Problem to work on:
All pictures are to be dropped, and everything else in the data duplicated exactly.

Data provided:
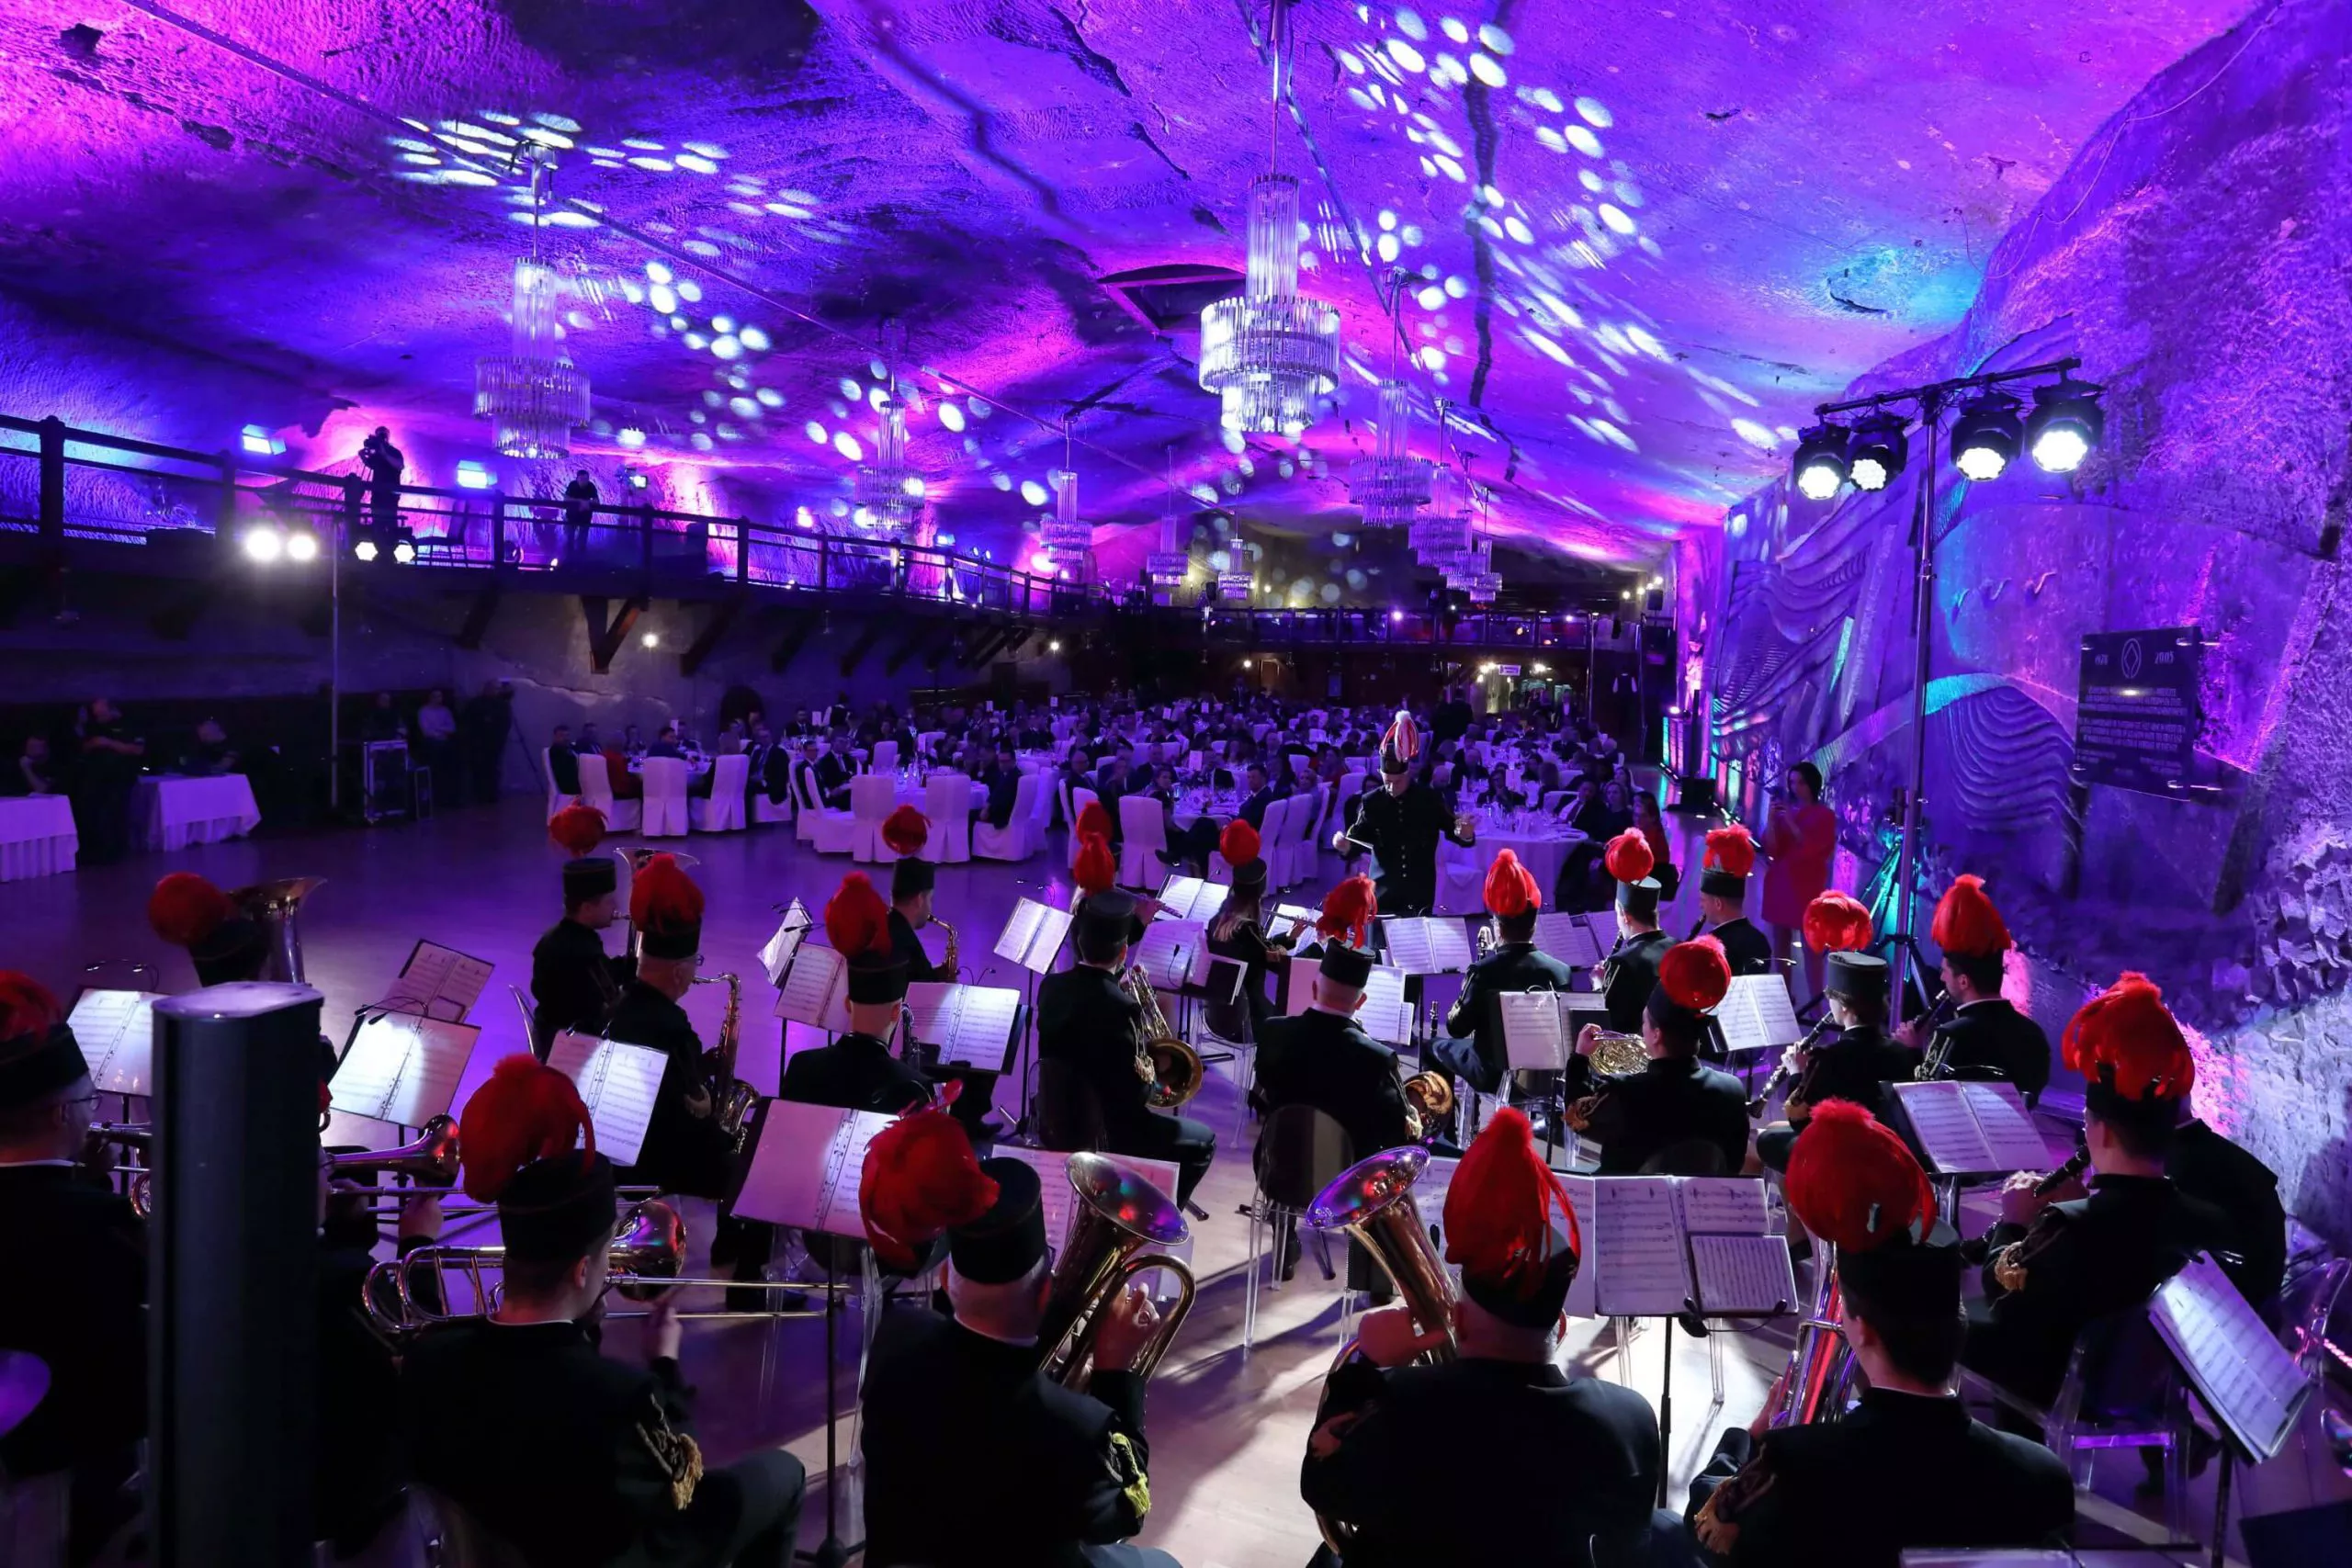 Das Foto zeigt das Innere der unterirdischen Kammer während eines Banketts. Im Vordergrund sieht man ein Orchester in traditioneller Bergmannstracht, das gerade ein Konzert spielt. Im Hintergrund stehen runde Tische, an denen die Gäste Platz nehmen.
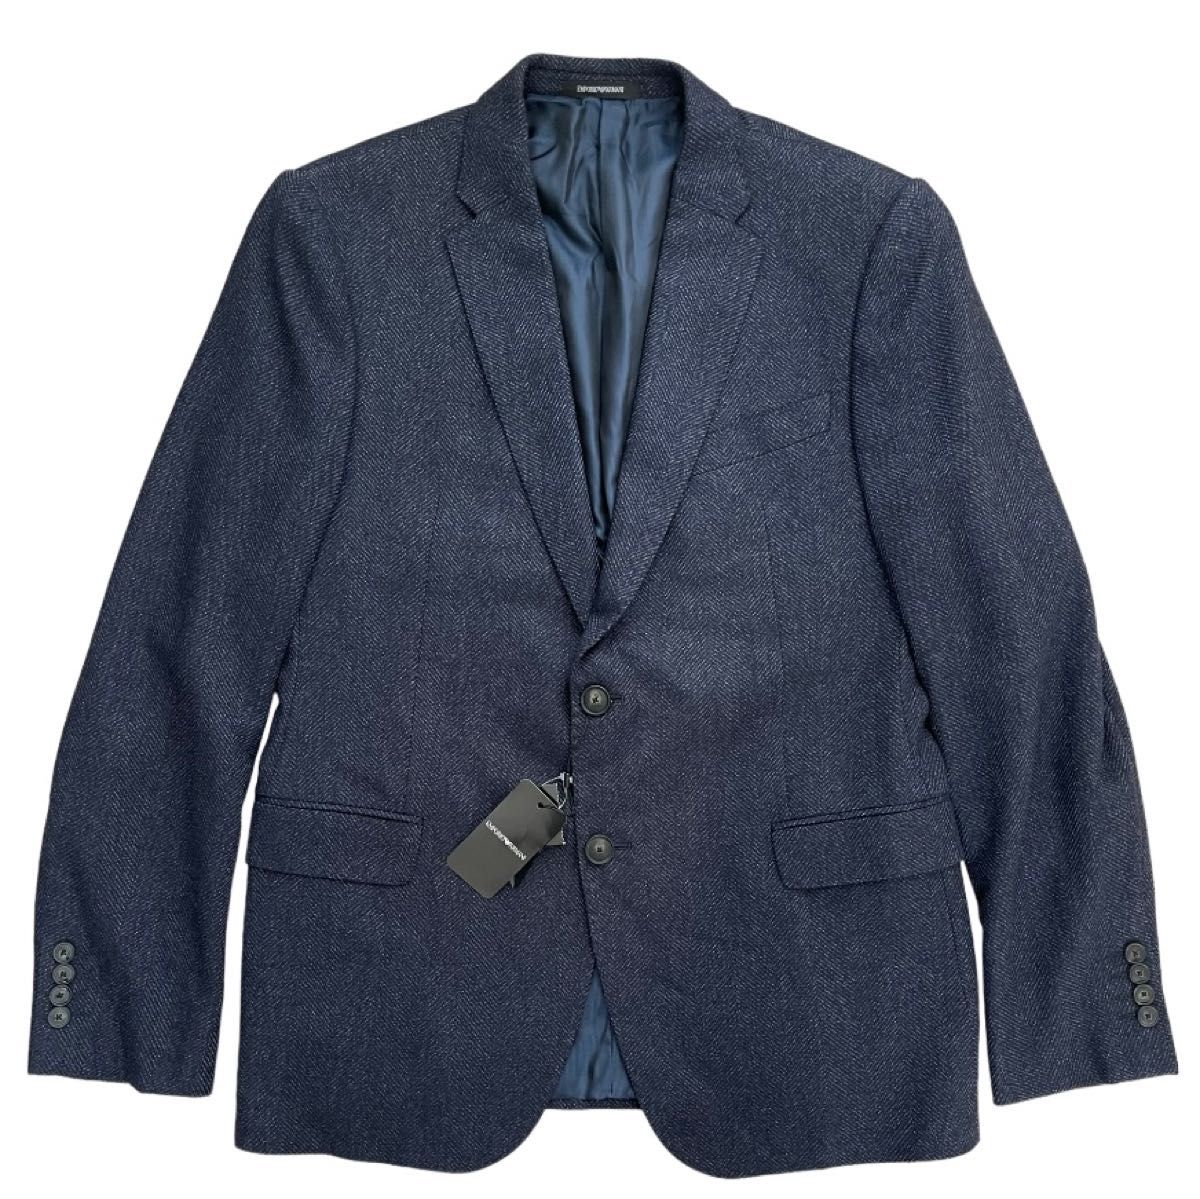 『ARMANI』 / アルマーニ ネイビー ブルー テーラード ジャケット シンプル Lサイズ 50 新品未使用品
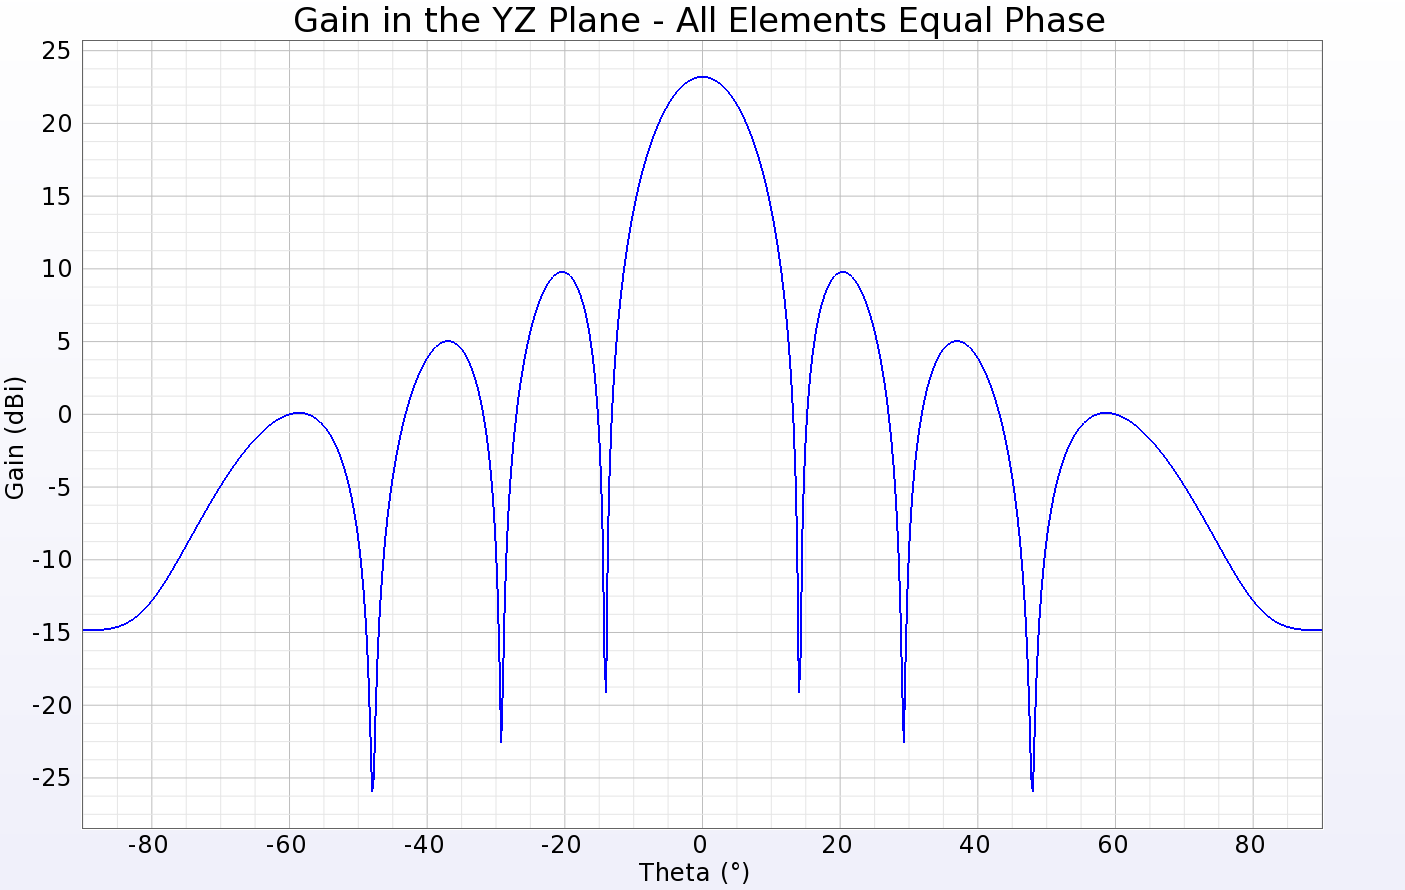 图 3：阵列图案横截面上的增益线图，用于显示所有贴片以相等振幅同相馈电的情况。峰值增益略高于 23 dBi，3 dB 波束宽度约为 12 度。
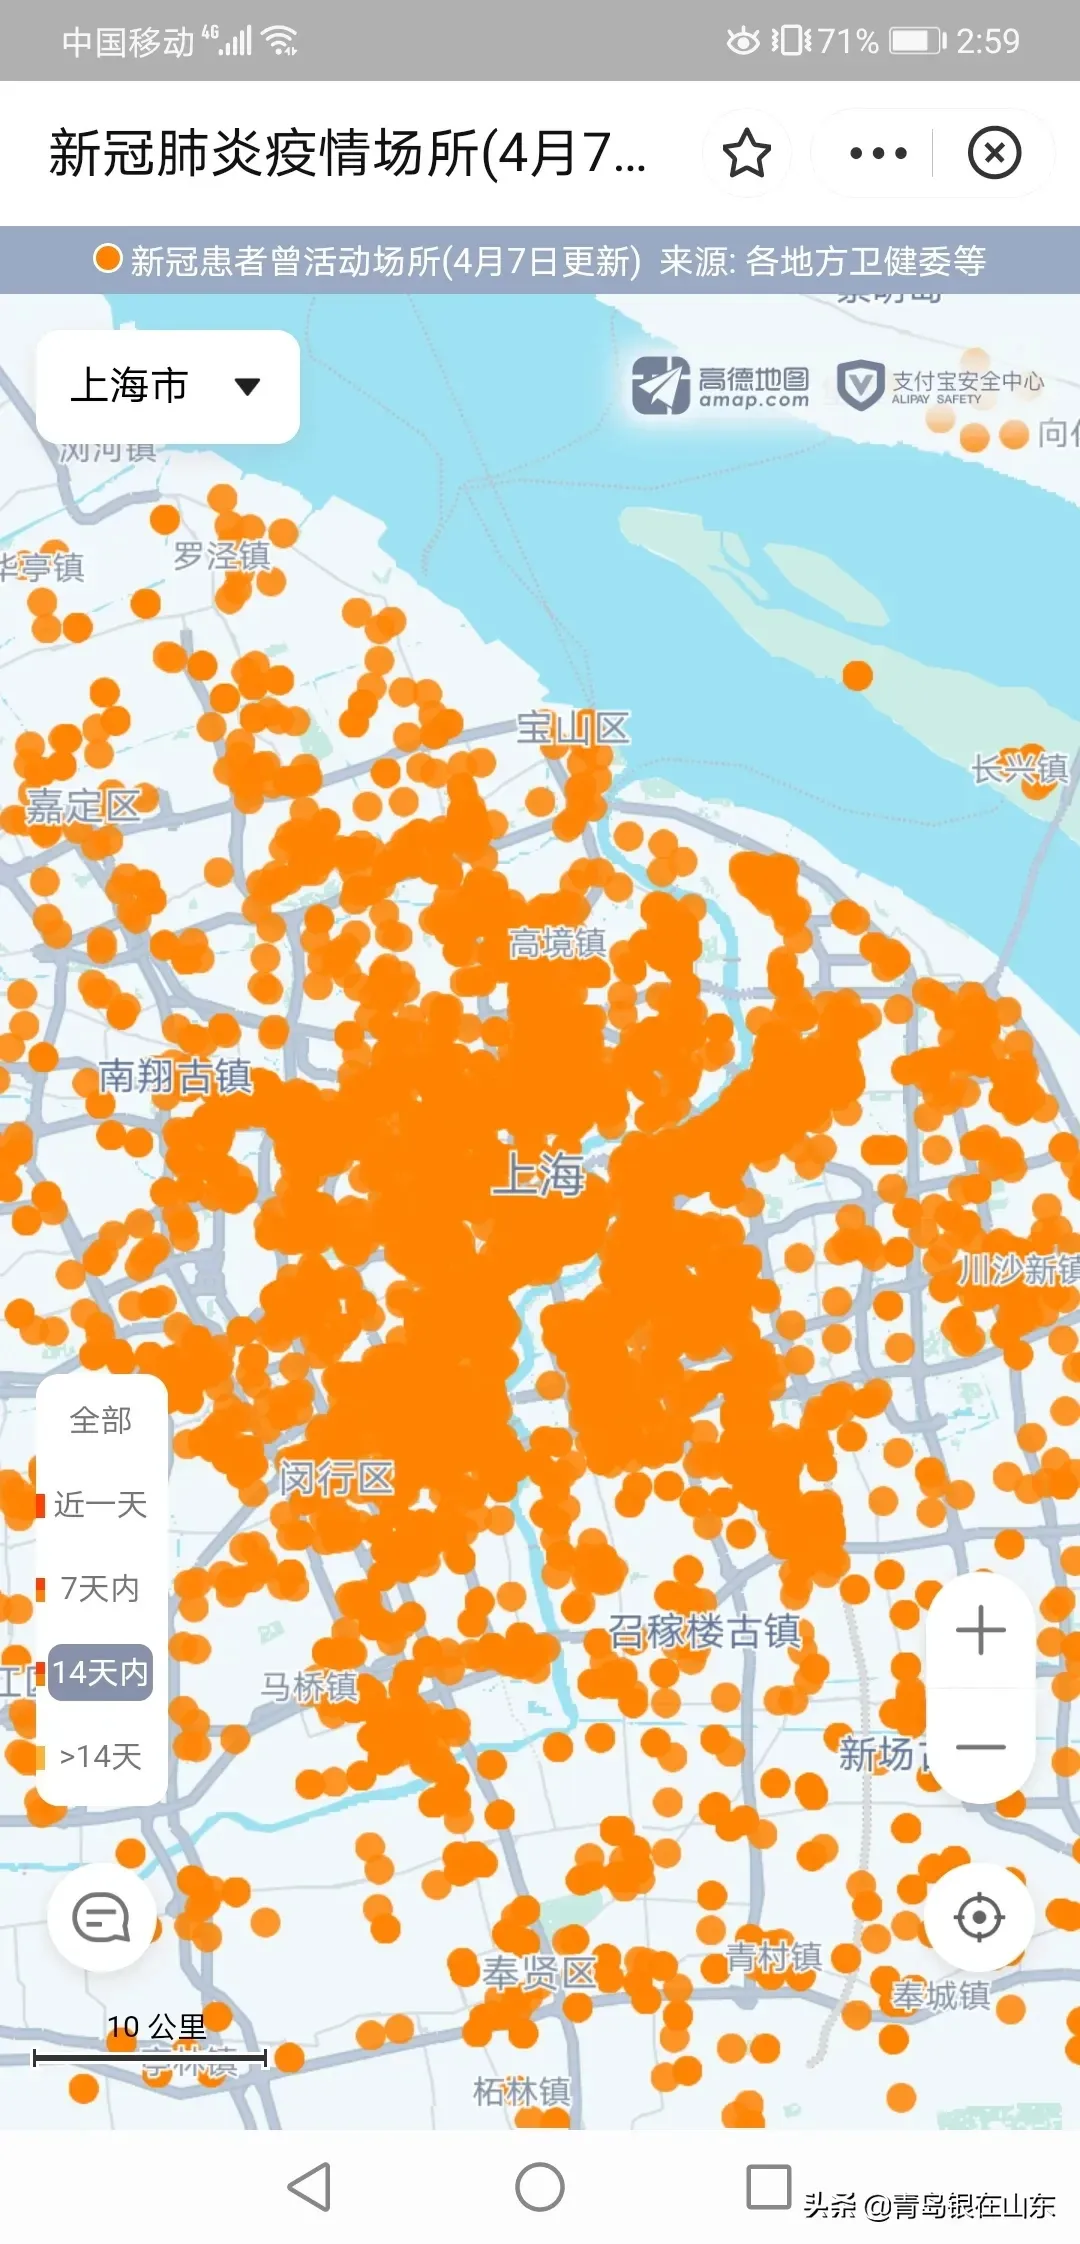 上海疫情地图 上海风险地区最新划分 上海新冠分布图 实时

Your solution:
 Das Foto zeigt das Innere der unterirdischen Kammer während eines Banketts. Im Vordergrund sieht man ein Orchester in traditioneller Bergmannstracht, das gerade ein Konzert spielt. Im Hintergrund stehen runde Tische, an denen die Gäste Platz nehmen.
 『ARMANI』 / アルマーニ ネイビー ブルー テーラード ジャケット シンプル Lサイズ 50 新品未使用品
 图 3：阵列图案横截面上的增益线图，用于显示所有贴片以相等振幅同相馈电的情况。峰值增益略高于 23 dBi，3 dB 波束宽度约为 12 度。
 上海疫情地图 上海风险地区最新划分 上海新冠分布图 实时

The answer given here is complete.